Imagine one giant virtual GPU at 2PFLOPS
CEO Jensen Huang is particularly enthusiastic about it all because with general-purpose processors running into physical walls, server and device makers are turning to dedicated hardware accelerators to pick up the slack and speed up specialist operations, such as neural-network number crunching. Step forward ASICs and GPUs, like those made by Nvidia’s and its rivals, to be those accelerators plugged into CPUs to spread the load.
“The world of computing has changed,” mused Huang. “CPU scaling has slowed at a time when computing demand is skyrocketing. NVIDIA’s HGX-2 with Tensor Core GPUs gives the industry a powerful, versatile computing platform that fuses HPC and AI to solve the world’s grand challenges.”
Down to brass tacks: the HGX-2 is an update of the HGX-1 data-center-grade platform. The old version had eight Tesla P100 GPUs in each chassis, but the new one can fit 16 Tesla V100s, the latest GPU architecture, connected using six NVSwitches.
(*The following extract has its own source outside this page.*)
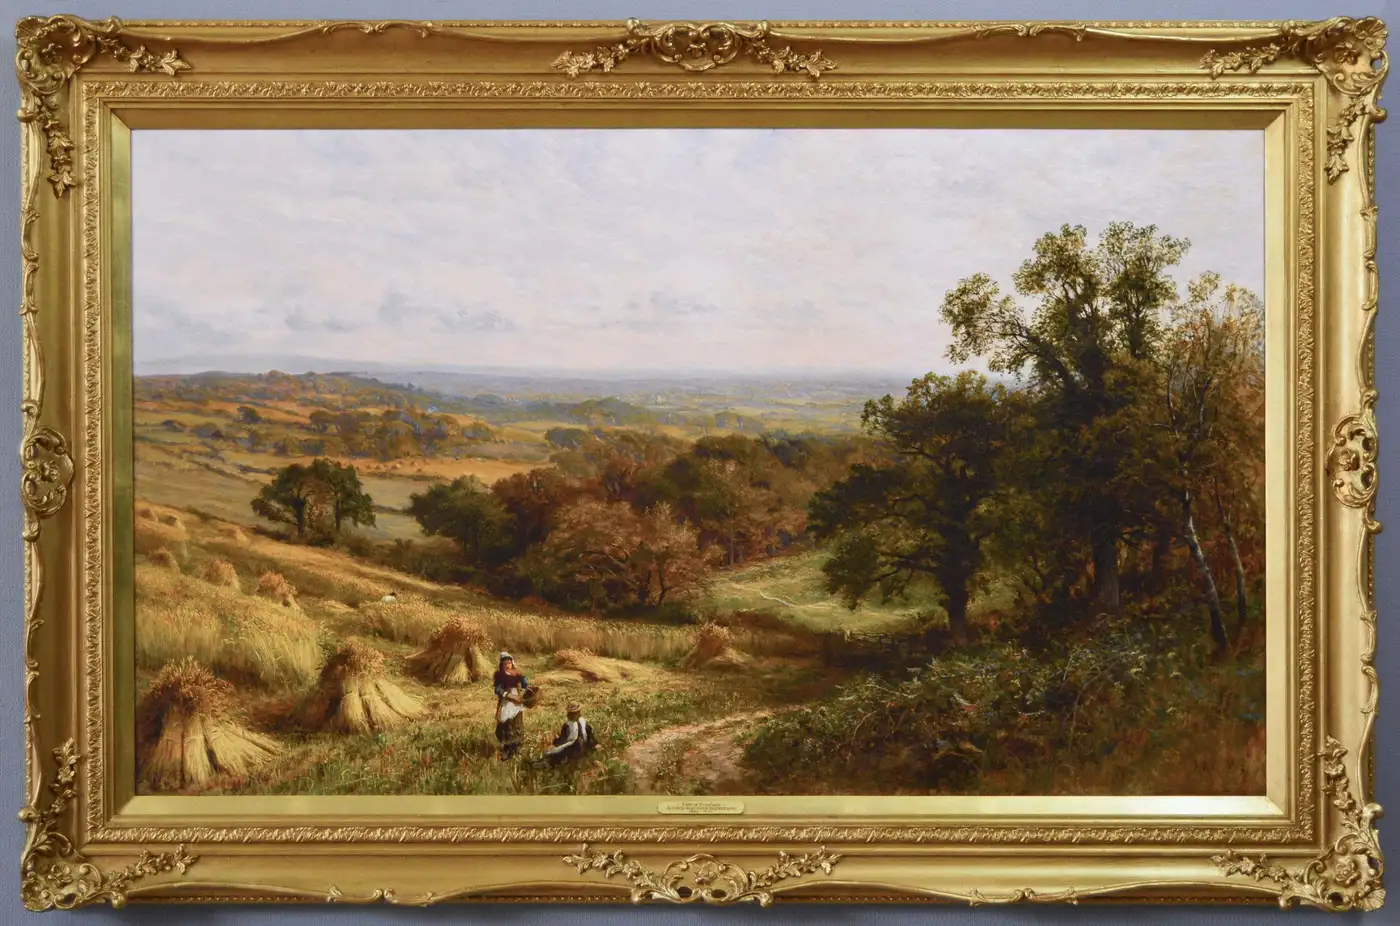 A painting by Alfred Augustus Glendening, Sr. To paint a scene like this is one of my art goals.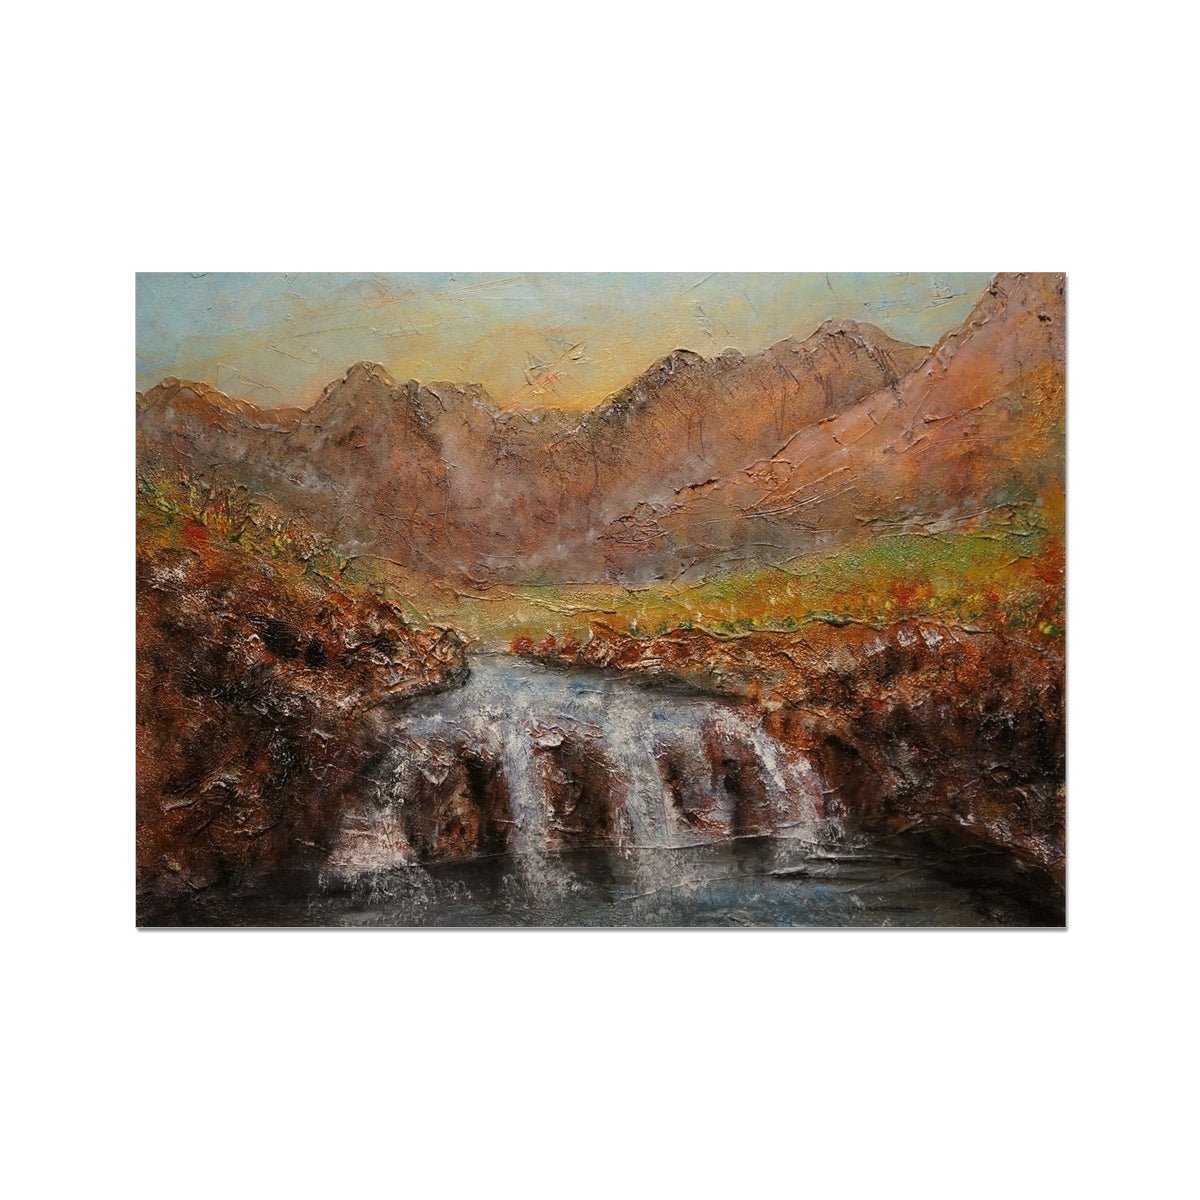 Fairy Pools Dawn Skye Painting | Fine Art Prints From Scotland-Unframed Prints-Skye Art Gallery-A2 Landscape-Paintings, Prints, Homeware, Art Gifts From Scotland By Scottish Artist Kevin Hunter

“Every GPU can now talk to every other GPU at 300GB/s bandwidth,” Nvidia’s AI product management and marketing lead Parnesh Kharya explained during a conference call to journalists. The whole thing essentially acts as one giant GPU accelerator with half a TB of memory, and tops out at two peta-FLOPS – that’s two quadrillion Tensor Core floating-point operations a second. It can handle 64, 32, 16, and 8-bit precisions.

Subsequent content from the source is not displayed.